Collected data:
* * * *
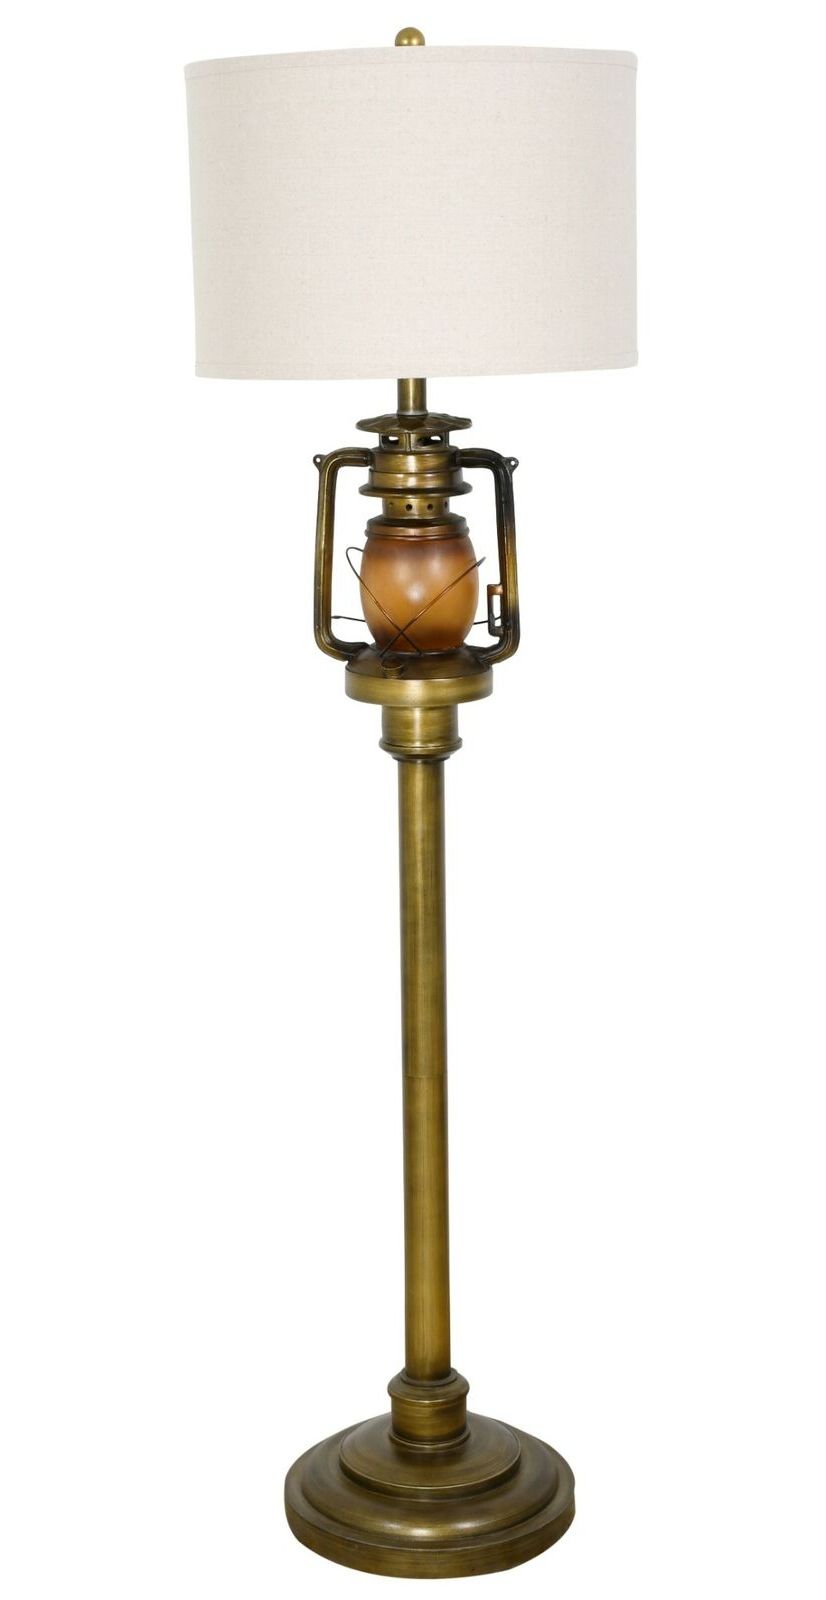 Ebay Regarding Lantern Standing Lamps (View 10 of 10)
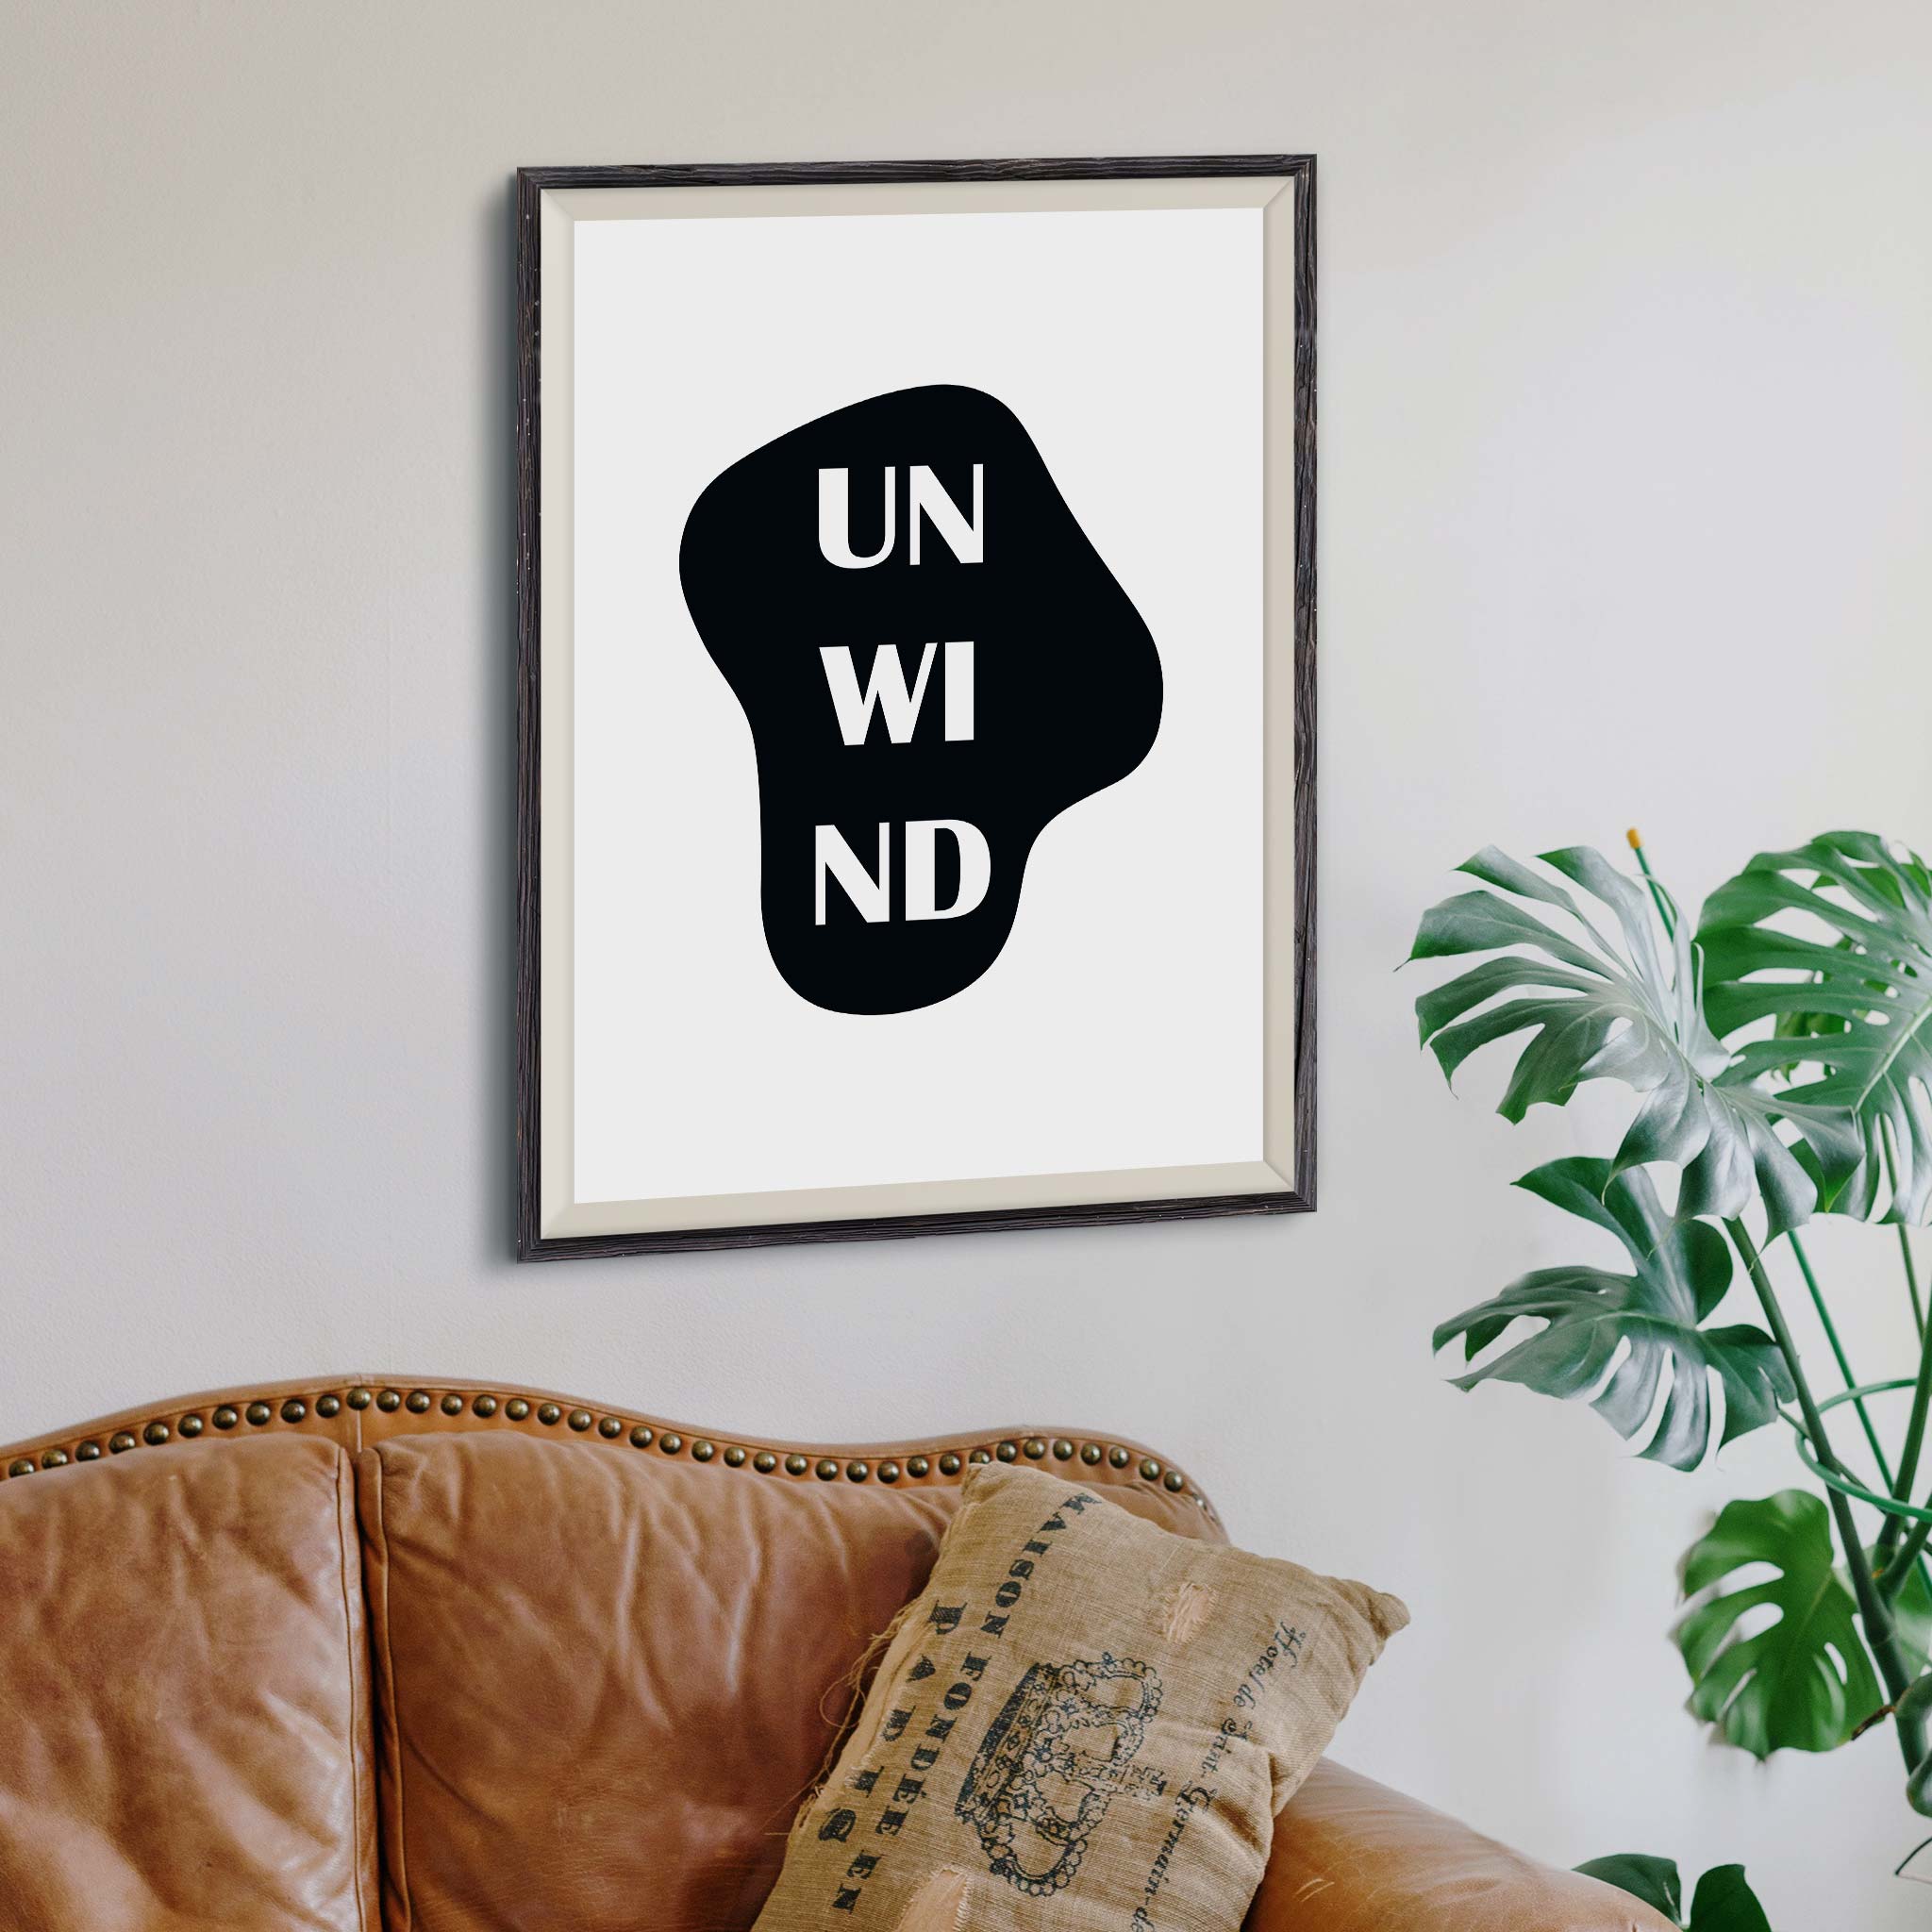 Unwind (un wi nd)
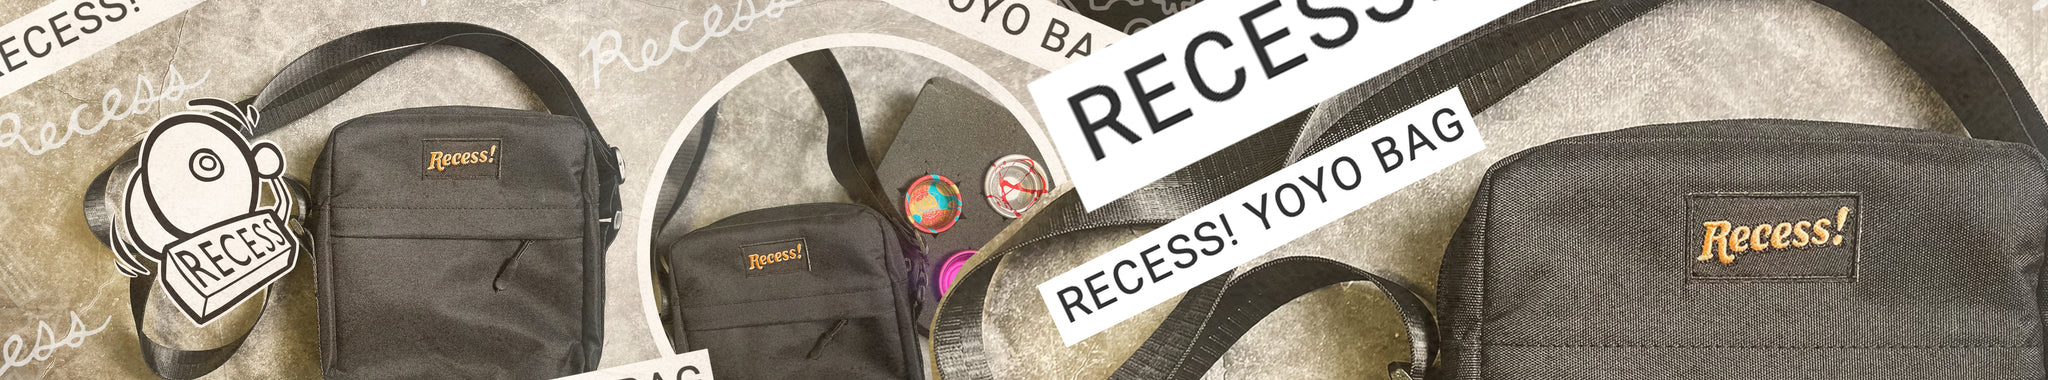 Recess Bag by Recess
* * * *
What is expected: Set down every line above exactly, pictures excluded.

Output of the task:
 Ebay Regarding Lantern Standing Lamps (View 10 of 10)
 Unwind (un wi nd)
 Recess Bag by Recess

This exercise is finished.